Domain Pollution is another concern I see time-and-again with monoliths, with the pollution here being one domain's responsibilities bleeding into another (unconnected) domain, mainly because it's easier for engineers to do this than the alternative (use Encapsulation and only allow access through interfaces [8]). This can create a range of problems, including our ability to scale, evolve, or organize ourselves (team structure).

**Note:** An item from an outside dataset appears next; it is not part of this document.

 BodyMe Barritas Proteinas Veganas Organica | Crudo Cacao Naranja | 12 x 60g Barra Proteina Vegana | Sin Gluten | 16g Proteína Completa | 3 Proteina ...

Let's face it, non-functional, technological change doesn't always receive the same level of business prioritisation that features do. Take Upgrade Procrastination as a case in point. I find monoliths create Upgrade Procrastination - we procrastinate on its modernisation because this type of change is hard [9]. Over time, the consequences then bleed into Evolvability and Security - it becomes increasingly difficult to evolve or secure the application due to the Blast Radius. Ideally, upgrade work is (almost) seamless. There's no conscious decision to undertake it by the business, it just happens naturally.

The other upgrade aspect is product modernisation. I've seen businesses repeat the cycle of: build a monolith, use it, find that it's aged badly, build another monolith (initially containing a subset of the first monolith's feature, but with the intention of retiring the original), sell the new monolith, but never fully migrate all of the original customers onto the latest monolith. Cycle repeats again a few years later, ad infinitum. You've just massively increased the complexity, maintenance, and management costs of your estate, exacerbated when regulatory change hits all of it. It's best avoided.

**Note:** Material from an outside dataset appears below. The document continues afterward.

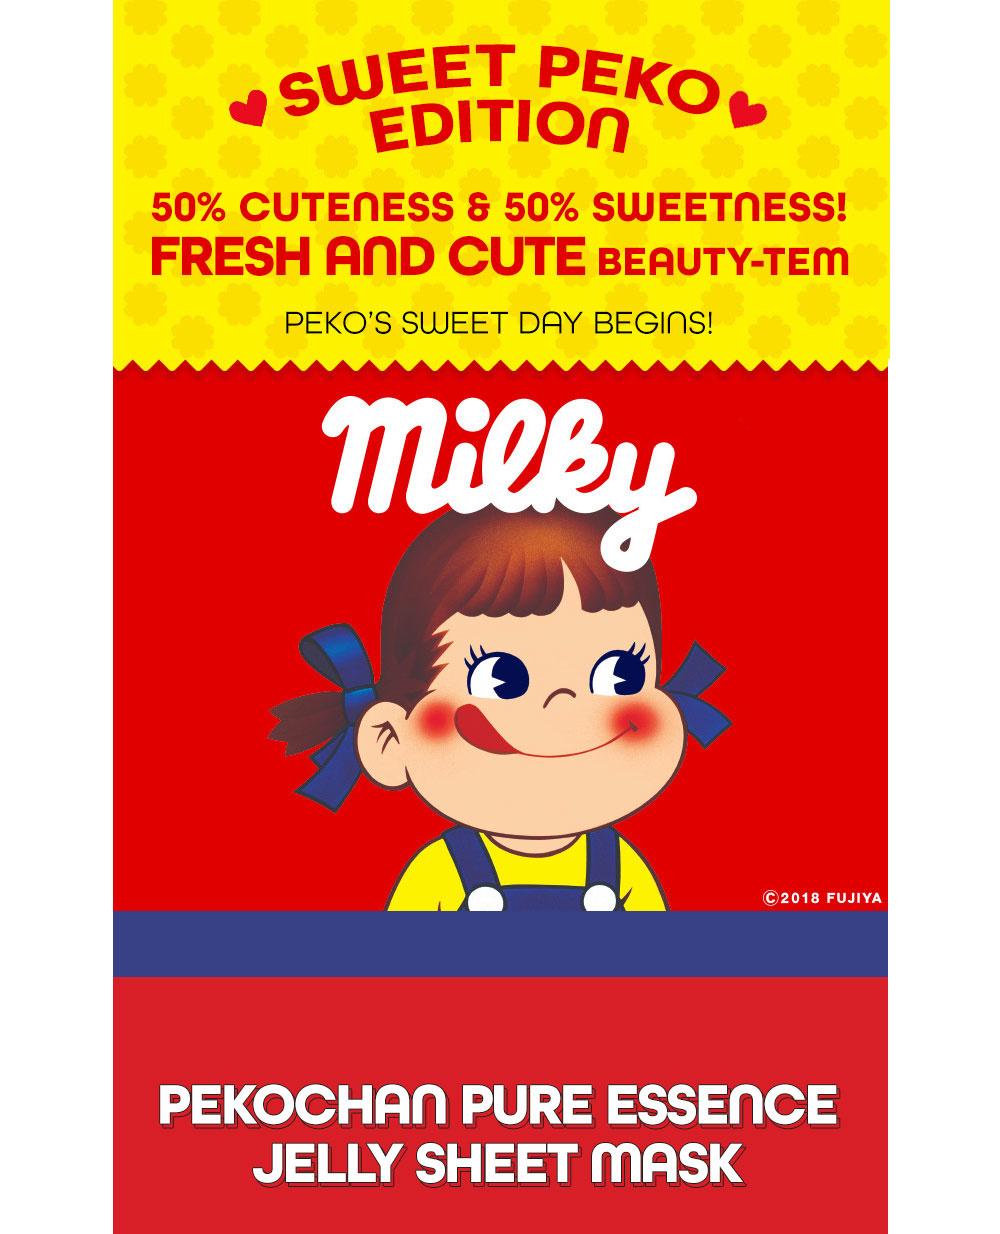 Jelly Mask Sheet Lemon (Sweet Peko Limited Edition)-2

Monolithic Manageability is more of a gray area. I think it's harder to configure a monolith (than a distributed component), since its configuration is also centralised, thus containing everything, yet only a small number of changes are relevant to your release. But, if you'll recall, monoliths tend to scale vertically (discussed shortly), there's no complex network configuration, or load balancing (at least within the monolith), and there's generally fewer of them in an estate, making them easy to discover and manage from that perspective.

In terms of Security, it's a mixed bag. It's easier to manage the security of a single boundary than a vast sprawling estate since we're guarding fewer gateways, but it's too easy to circumvent the Principle of Least Privilege, and the impact of Upgrade Procrastination is also concerning. There's also the potential for higher Contagion should the monolith's boundary be breached - if they get into the database, there's a good chance they can access anything in it.

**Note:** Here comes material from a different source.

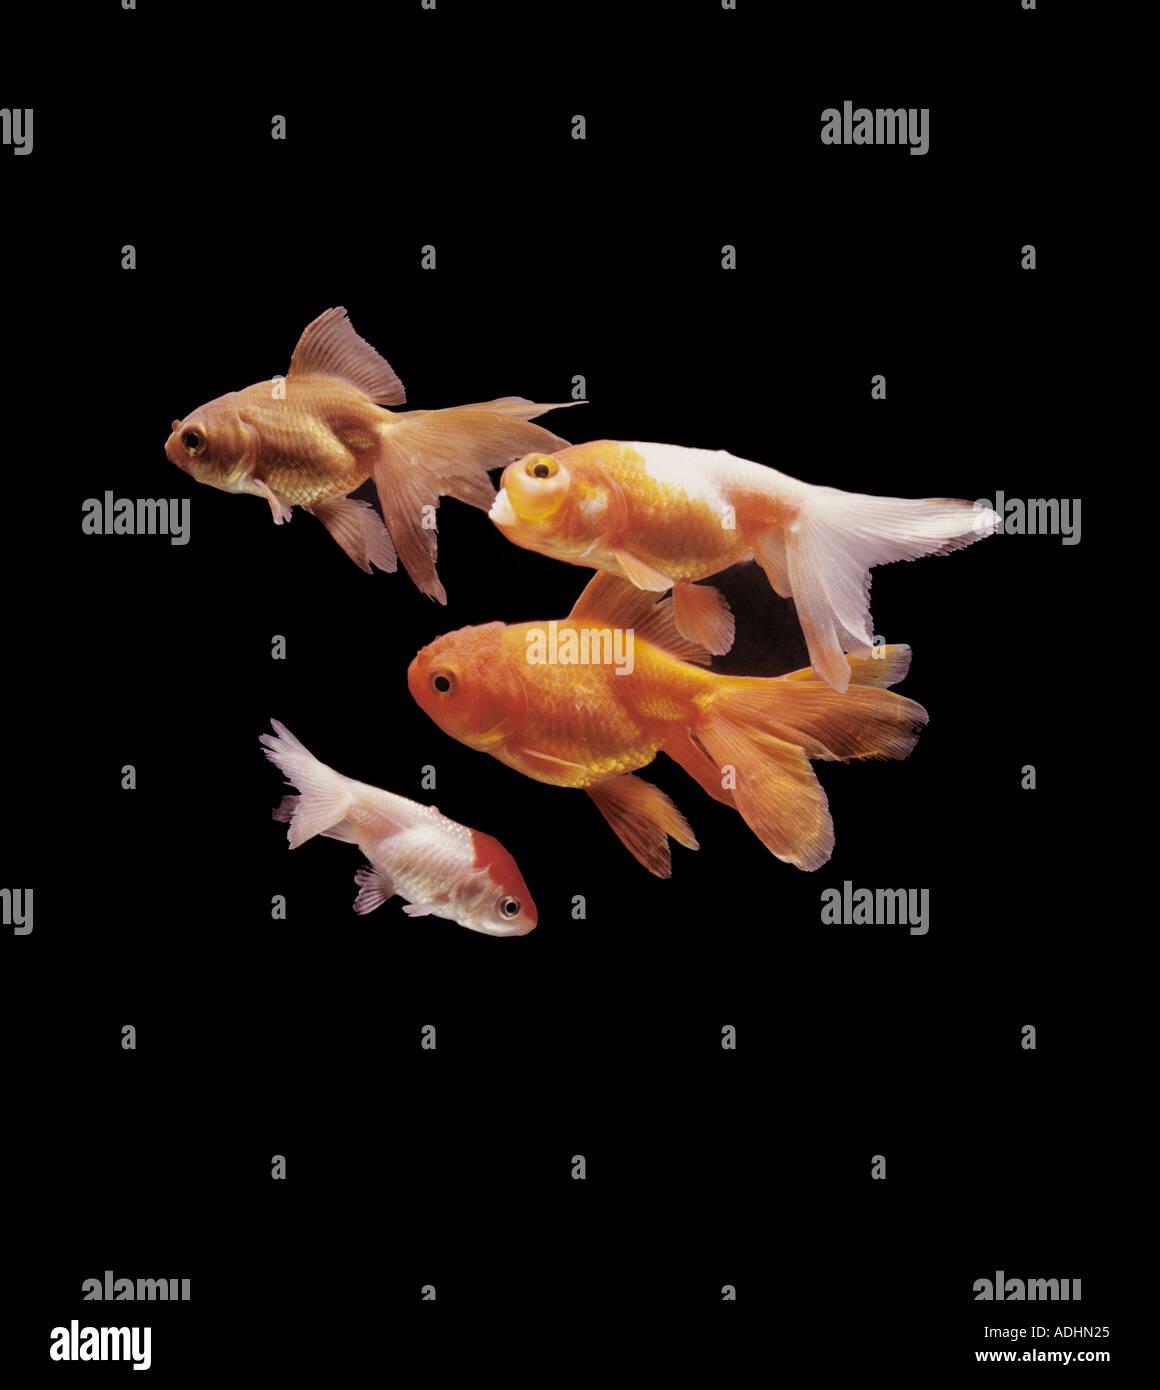 Variety of fancy goldfish orandas and water bubbli Carassius

Whilst the monolith's Scalability approach is indeed vertical, it's too narrow a distinction. It's quite feasible to horizontally scale an application architecture containing monoliths (note the distinction), by directing traffic to each monolithic instance through an intermediate (e.g. a Load Balancer). Ultimately though, you're still dealing with applications using a centralised model.

SUMMARY

It may at times have felt like I'm giving the monolith a bit of a bashing, but there's some good in there too. Overall Monoliths can be a good option when starting out, domain complexity isn't overwhelming, immediate consistency is important, the engineering team has rigorous processes, or it's the sort of workload that requires the Principle of Locality. At some point though, complexity starts to erode its benefits, and something else is required.

In terms of runtime qualities, we've a mixed bag. Performance, Availability, Resilience, and Scalability are decent, but only to a point, and therefore unpredictable. But then again, is it easy to predict how network communication behaves in a distributed environment?

Nowadays, there's a big push for distributed systems (e.g. Microservices, Serverless) throughout our industry, but it's not all one way [10]. Replacing a Monolith with Microservices offers certain advantages, but it moves complexity (code and release complexity with networks and infrastructure complexity), it doesn't remove it.